Idempotency is non-negotiable. Lambda functions can be retried — by AWS on failure, or by us when debugging. The job checks whether a report already exists for the target user and month before calling the API or writing to the database. If a report is present, the user is skipped. This makes the entire job safe to rerun at any point with no risk of duplicate reports.

Structured logs pay off immediately. Every meaningful event is emitted as a JSON object to stdout:

console.log(JSON.stringify({
  event: "report_generated",
  userId,
  diaryCount: userDiaries.length,
}));

CloudWatch lets you filter on event: "report_generated" or query for a specific userId without parsing free-form log lines. When a user reports a missing report, the investigation takes seconds rather than minutes.
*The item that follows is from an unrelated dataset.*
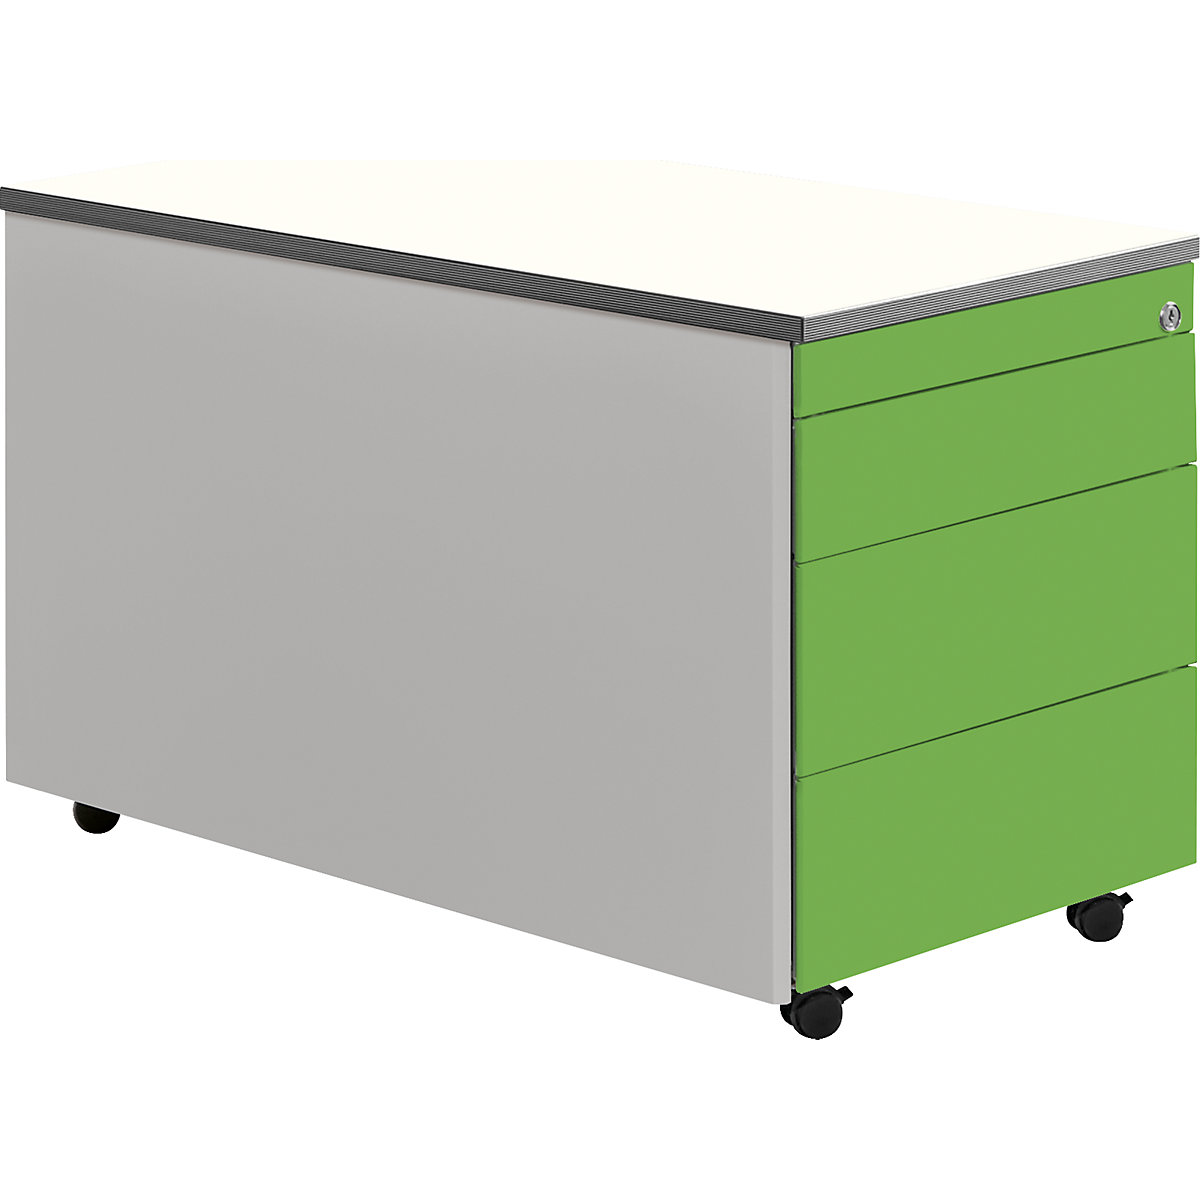 Casetieră cu sertare cu role – mauser, î. x ad. 529 x 800 mm, blat din plastic, 3 sertare, alb aluminiu / verde gălbui / alb

Production-only scheduling eliminates accidental costs. Without the stage === "production" guard, the Cron would fire in every SST stage — including local dev and staging. That would burn Anthropic API credits and send test emails to real users. The guard is a single conditional around the entire sst.aws.Cron block.

Takeaways

  • SST Cron + Lambda handles low-frequency batch jobs cleanly for subscription-scale products. Step Functions is the natural next step if parallelism becomes necessary.
  • Preserving paragraph structure when converting Lexical JSON to plain text noticeably improves AI output quality.
  • Computing statistics from the full dataset before applying input size limits means heavy users get accurate numbers even when the AI sees only a sample.
  • Structured JSON output from the system prompt makes the same AI response usable by the frontend renderer, the email template, and the idempotency check — no transformation layer required.
  • Idempotency and production-only guards are not optional for any scheduled job that calls a paid external API.